NOTE: The embryos should be kept humid using warmed saline solution during the entire surgical operation and the uterus should not dry out.
- Repeat steps 3.1.2–3.2.2 for each embryo.
- Once all targeted embryos have been electroporated, replace the uterine horns in the abdomen by gently pushing them with forceps back to their original position. Fill the abdominal cavity with warmed saline solution to prevent the uterus from drying while sutures are made.
- First close the abdominal muscle with a continuous absorbable suture, and then the skin with multiple individual stitches (~10) using 4-0 suture.
- Put the animal in a clean cage, lying on its side on a clean paper towel and turn the animal to the other side every 5–10 min until it wakes up and starts moving on its own.
- Assess the state of the animal the following day, especially if a nest has been made.

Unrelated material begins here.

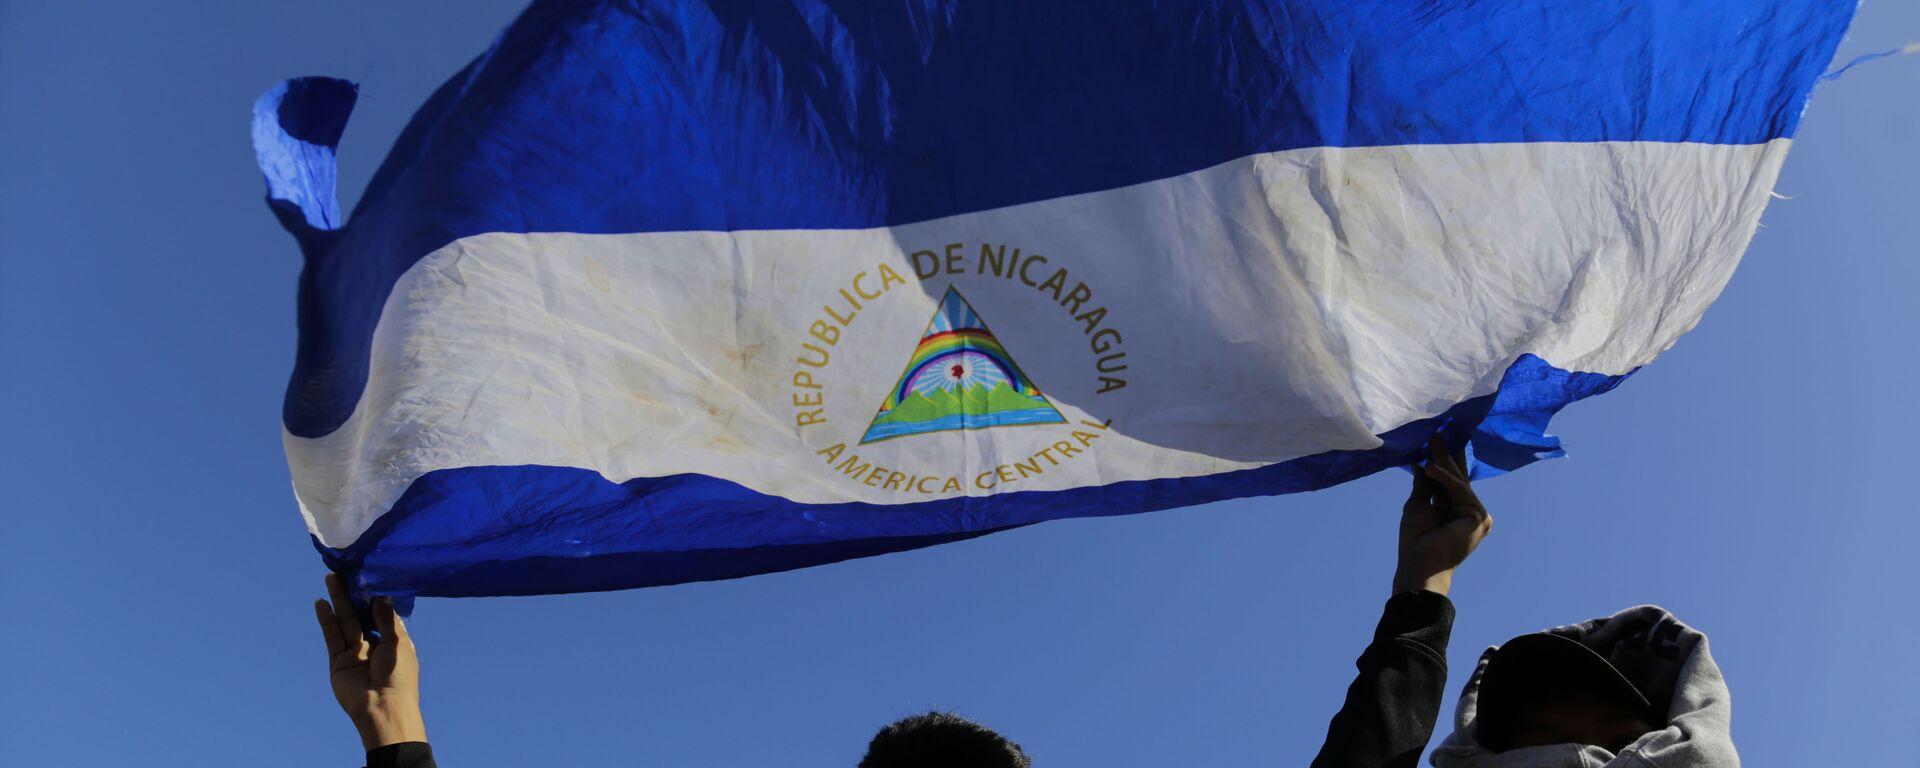 Bandera de Nicaragua - Sputnik Mundo, 1920, 20.09.2021

NOTE: No postsurgery treatment is required. In the absence of a nest, any sign of pain (e.g., prostration, shaggy fur), and/or heavy bleeding, the animal should be euthanized without delay.

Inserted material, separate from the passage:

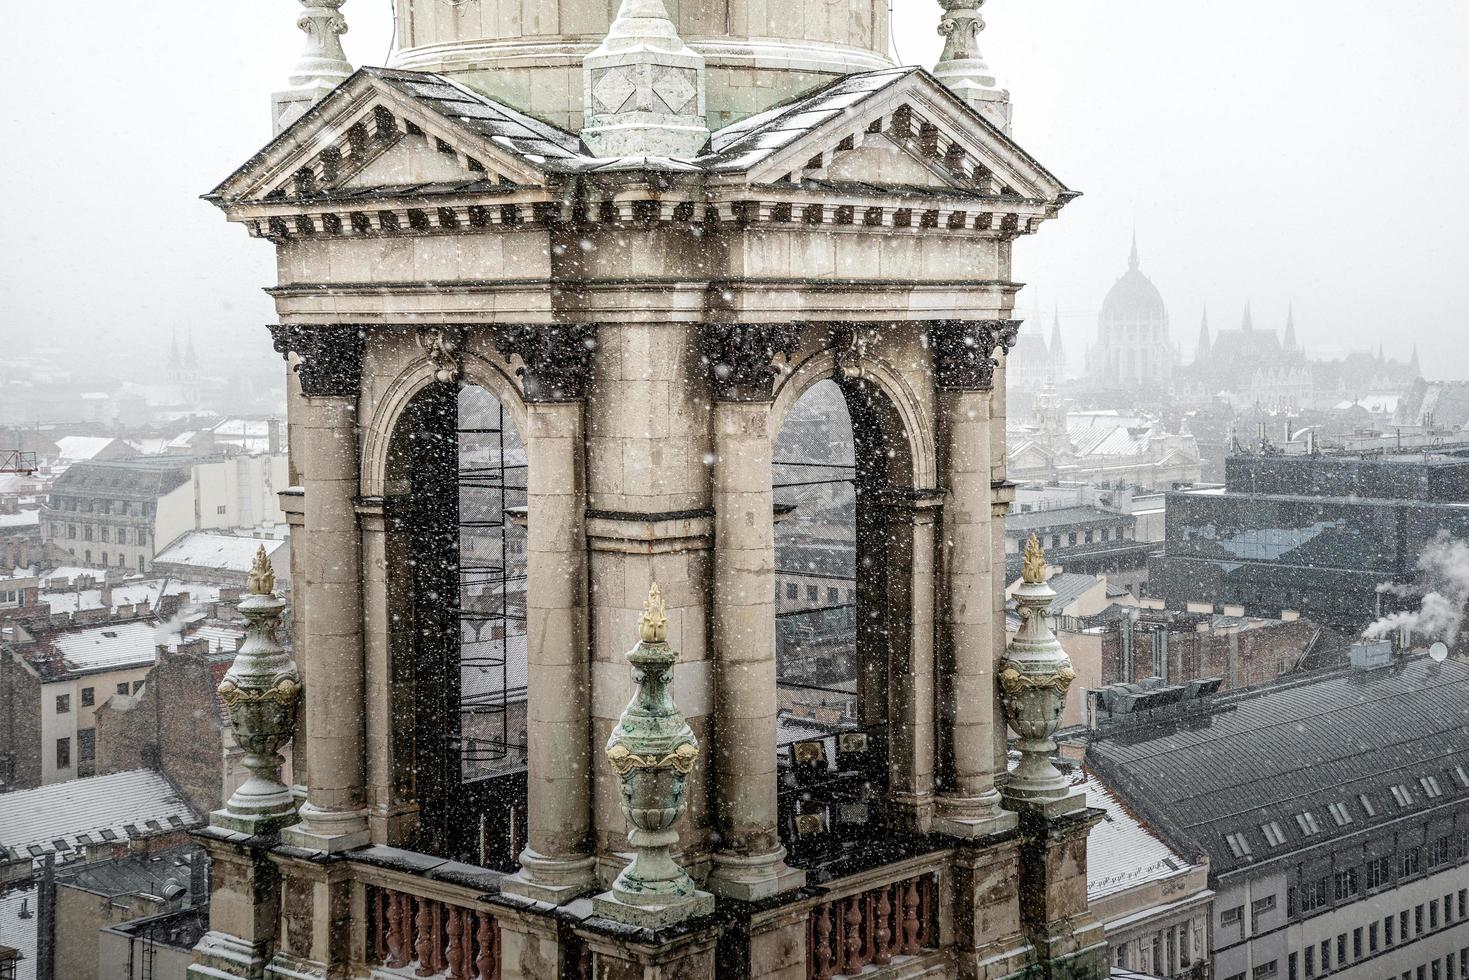 budapest, hongarije 2019 - klokkentoren van st. stephen basiliek foto

4. Tissue harvesting and sectioning
- Tissue collection
- Inject phenobarbital (100 mg/kg BW) intraperitoneally for terminal anesthesia at the desired harvesting time. In this case, the harvesting times were at postnatal (P) days P4, P7, and P21.

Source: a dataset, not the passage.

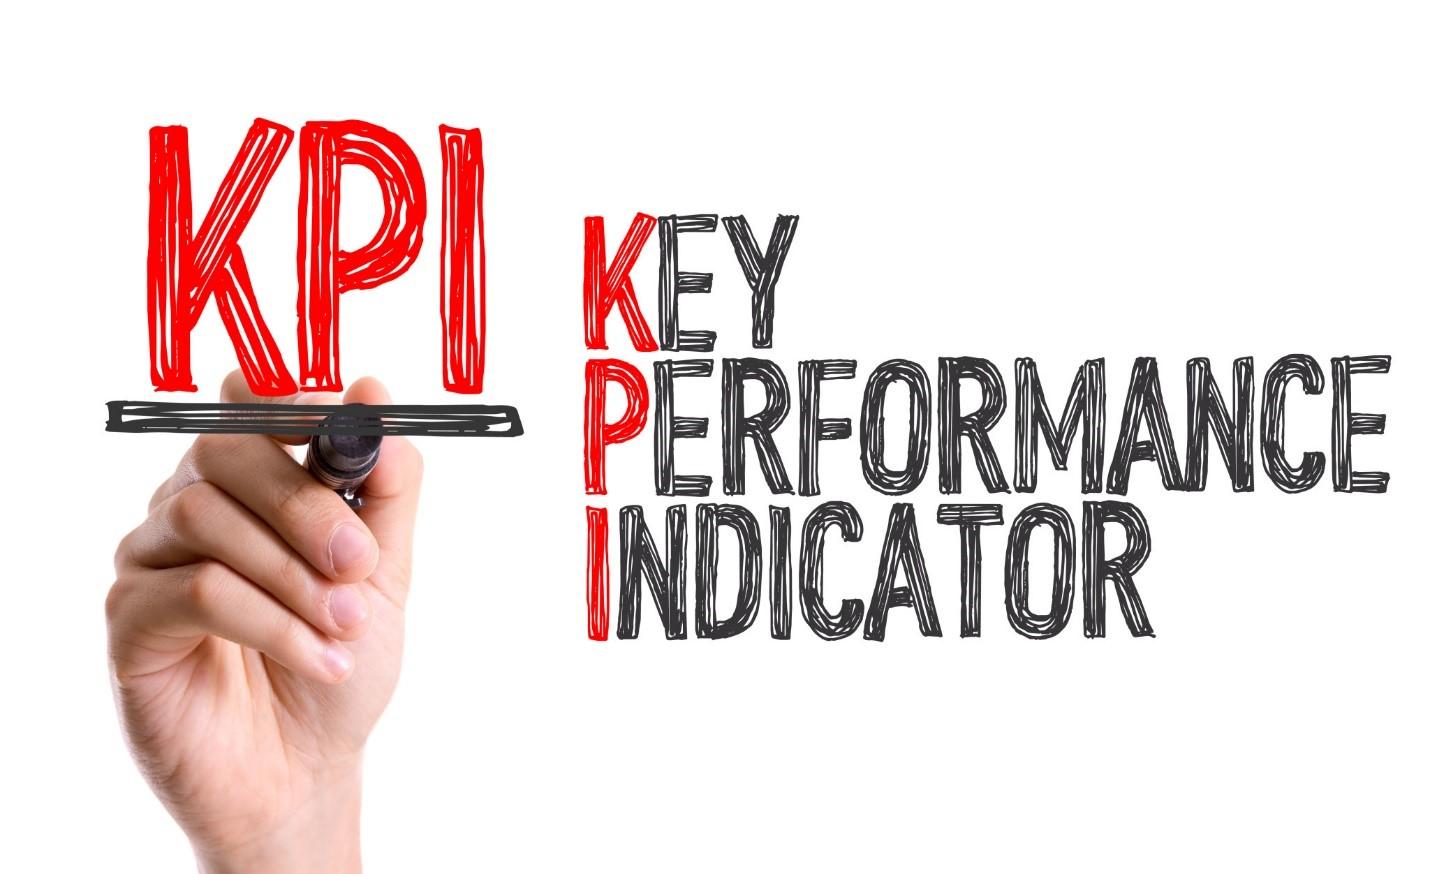 KPI image3 - شاخص های کلیدی عملکرد (KPI) انواع و روش اجرا

- Perform intracardiac perfusion using cold premade paraformaldehyde-based solution.
- Dissect out the brain and place it overnight at 4 °C in the paraformaldehyde-based solution for postfixation.
- The following morning rinse the brain 3x for 10 min with 1x PBS.
- Embed the brain in 3% agarose dissolved in 1x PBS.
- Cut 80 µm sections using a vibrating-blade microtome.
- Collect sections in a 24 well plate prefilled with 1x PBS.
- Mount sections in the mounting medium (see Table of Materials) between the slide and coverslip. Keep the mounted slides at -20 °C for optimal fluorescent protein preservation and long-term storage.
5. Multichannel confocal imaging
- Microscope settings
- Set up the configuration of the confocal microscope to separately excite mCerulean/mTurquoise2, EYFP, tdTomato/mCherry using 440, 515, and 559 nm laser lines, respectively.
- Use a 20x 0.8 NA (or higher NA) objective and adjust XY sampling and Z-step size according to Nyquist criteria.
NOTE: Images acquired with higher resolution (e.g., 60x 1.4 NA oil objective) and deconvolution algorithms will enable reconstruction of the finer details of astrocyte arbors. However, the experimenter should keep in mind that the finest astrocyte processes may not be resolved by conventional optical imaging.
- Image acquisition
- Find the brightest astrocytes in the electroporated area.
- Because labeled cells located close to the surface might appear brighter than those deeper in the slice, adjust the acquisition settings on the surface cells to avoid saturating the images.
- Adjust acquisition settings separately for each of the three channels while making sure to avoid pixel saturation using HiLo LUT, which displays zero values as blue and maximum pixel values as red.
NOTE: An adequately balanced image should display only a few blue and almost no red pixels.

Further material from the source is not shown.